Bieżący tydzień na rynku ropy naftowej trudno ocenić jako szczególnie emocjonujący. Cena amerykańskiej ropy naftowej WTI od początku tygodnia porusza się w wąskiej konsolidacji ponad poziomem 56 USD za baryłkę. Z kolei notowania europejskiej ropy Brent delikatnie rosną, nie oddalając się jednak znacząco od poziomu 66 USD za baryłkę.
Stabilne notowania ropy naftowej w Stanach Zjednoczonych utrzymują się nawet pomimo opublikowanych ostatnio danych dotyczących zapasów ropy w tym kraju, sprzyjających stronie podażowej. Jeszcze we wtorek Amerykański Instytut Paliw (API, American Petroleum Institute) podał, że w minionym tygodniu zapasy ropy naftowej w USA wzrosły aż o 7,3 mln baryłek przy oczekiwaniach zakładających wzrost zapasów o co najwyżej około miliona baryłek. Jednocześnie, API podał, że zapasy benzyny oraz destylatów spadły, a import ropy naftowej do Stanów Zjednoczonych wzrósł.

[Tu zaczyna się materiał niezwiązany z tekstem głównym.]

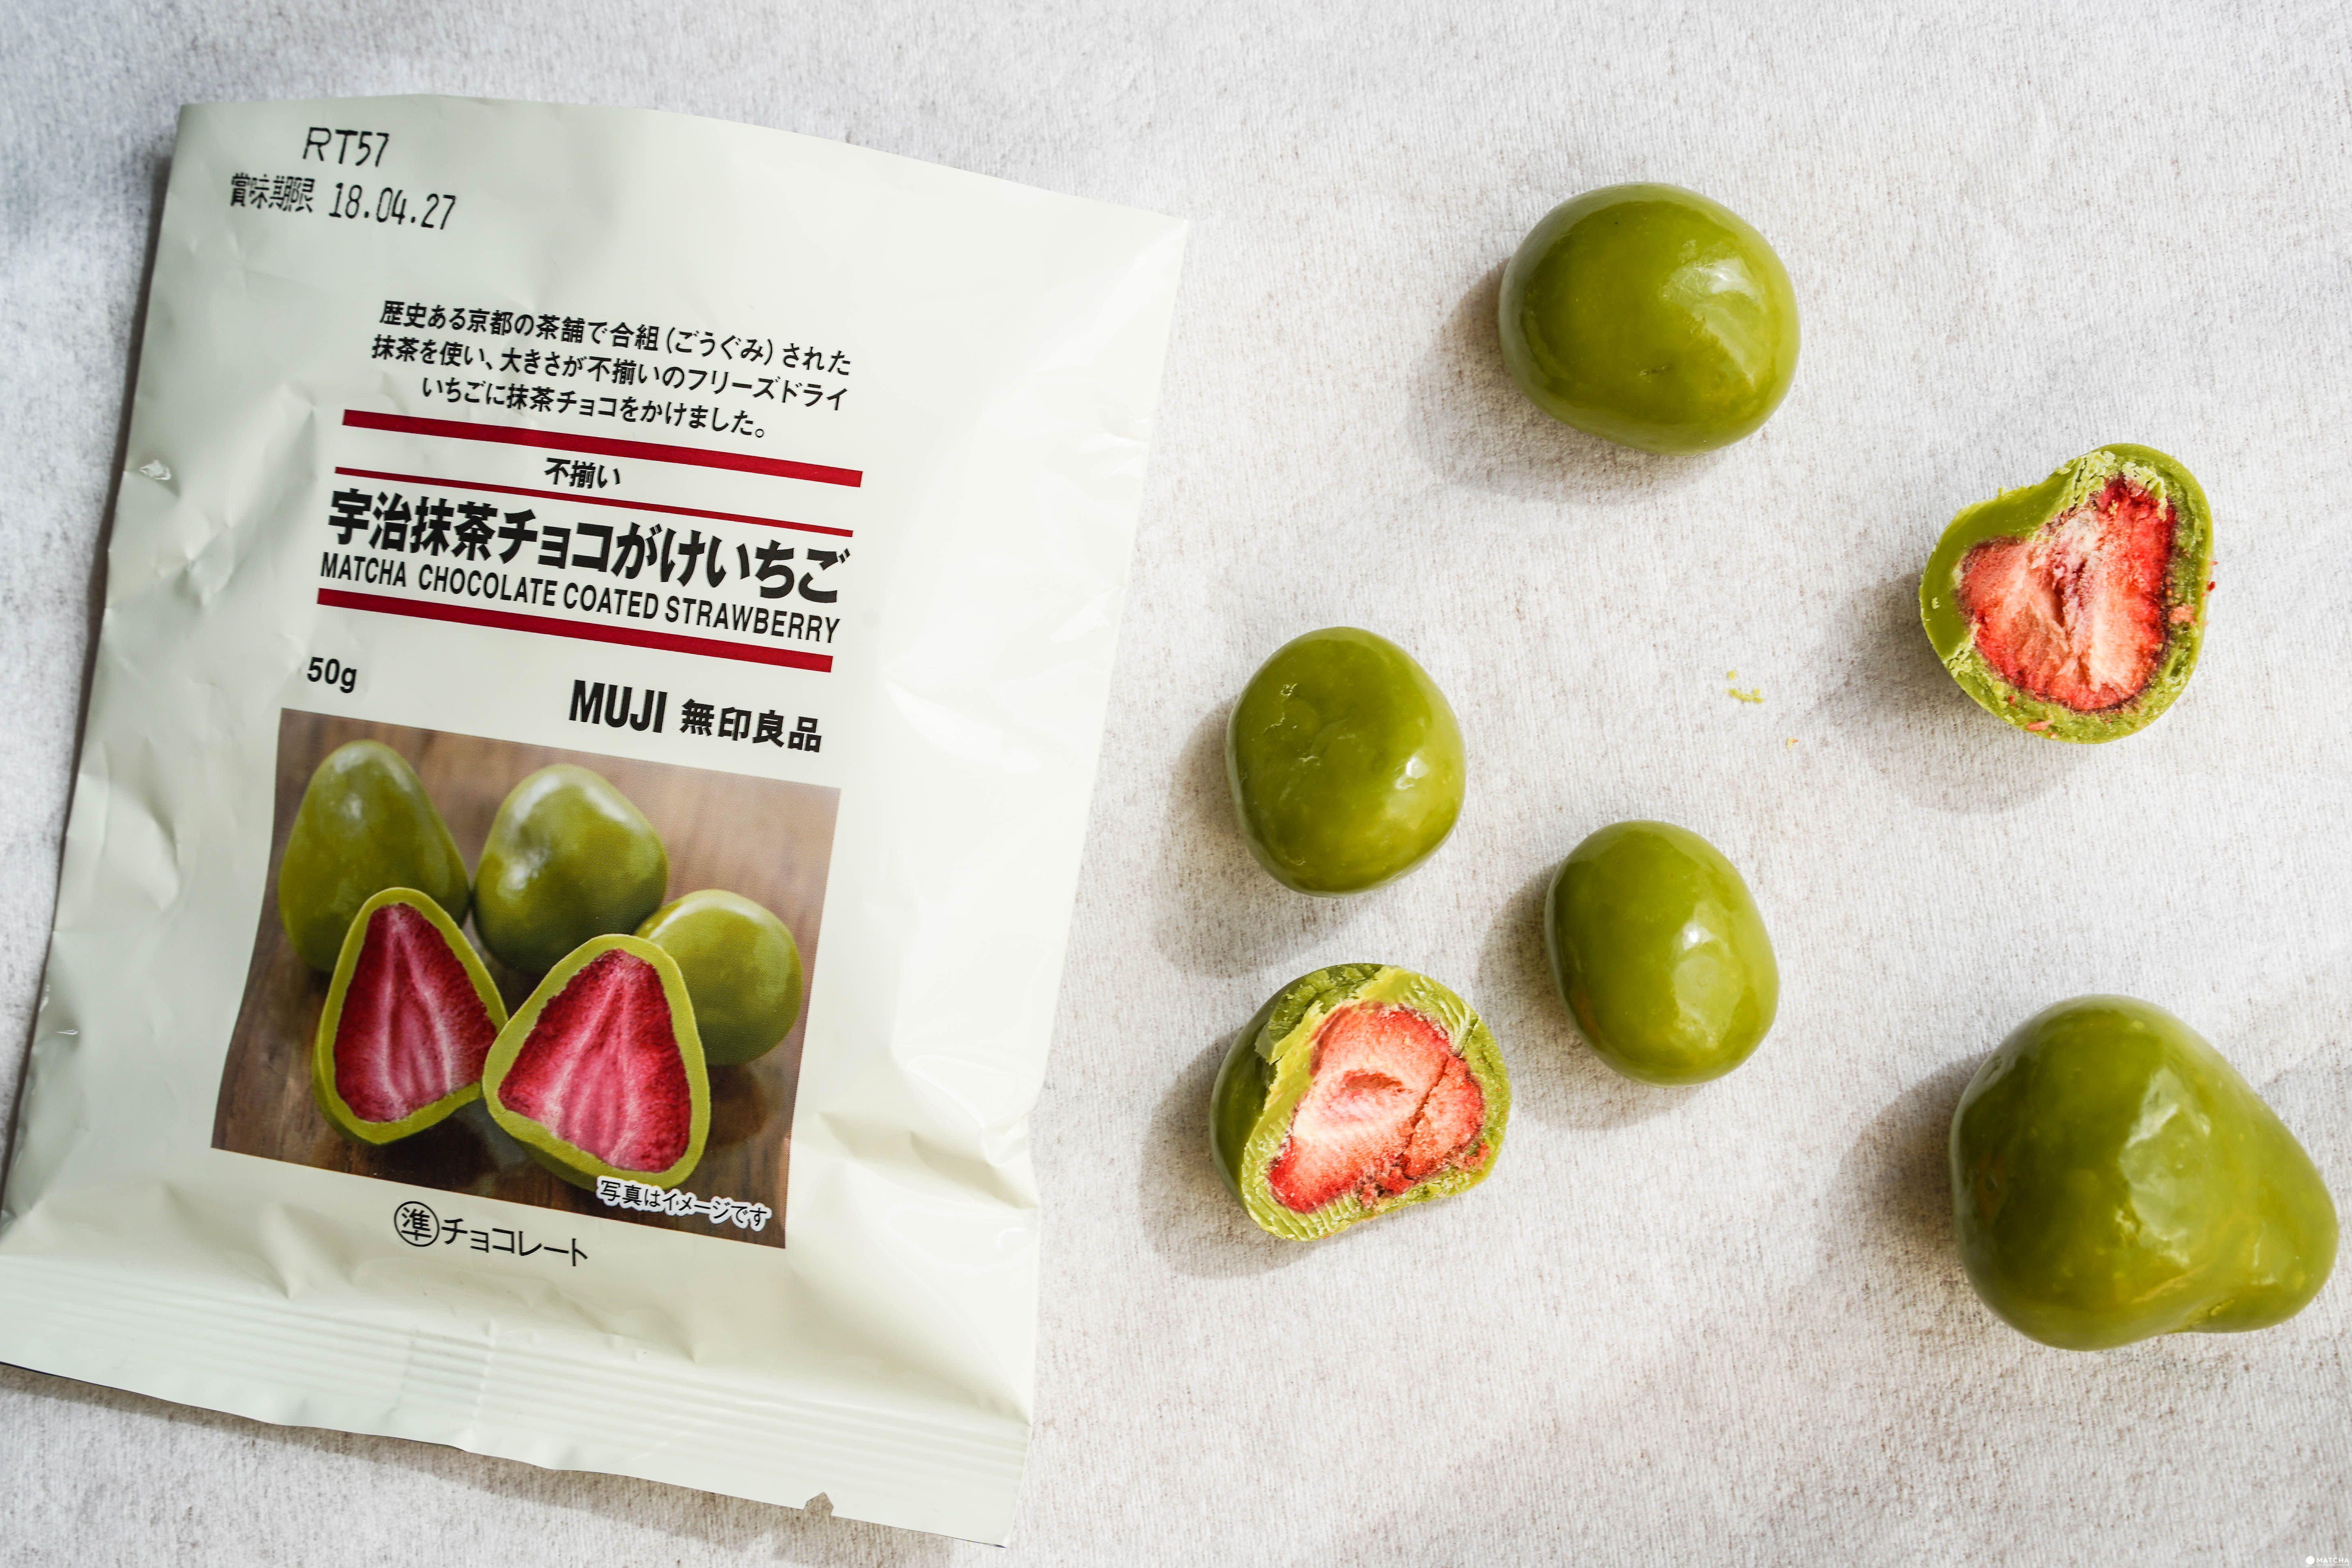 MUJI 無印良品抹茶草莓

Notowania ropy naftowej WTI – dane dzienne
Opublikowany dzień później raport Departamentu Energii USA potwierdził te dane. Departament, mający dostęp do większej ilości danych niż API, obliczył, że w minionym tygodniu zapasy ropy naftowej w USA wzrosły o 7,1 mln baryłek. Zważywszy na wtorkowe szacunki API, ten odczyt nie był już dużym zaskoczeniem. Pojawiły się także informacje o spadku zapasów benzyny i destylatów, a także o wzroście importu ropy naftowej do USA. Jednocześnie, departament podał, że produkcja ropy naftowej w Stanach Zjednoczonych utrzymała się na rekordowym poziomie, wynoszącym 12,1 mln baryłek dziennie.
Powyższe informacje wpływały negatywnie na ceny ropy naftowej tuż po ich publikacji, jednak siła strony podażowej utrzymywała się krótko. Dzisiaj rano strona popytowa delikatnie przeważa na rynku ropy naftowej, wspierana przez pozostałe informacje z rynku tego surowca, w tym głównie przez cięcia produkcji ropy przez państwa OPEC.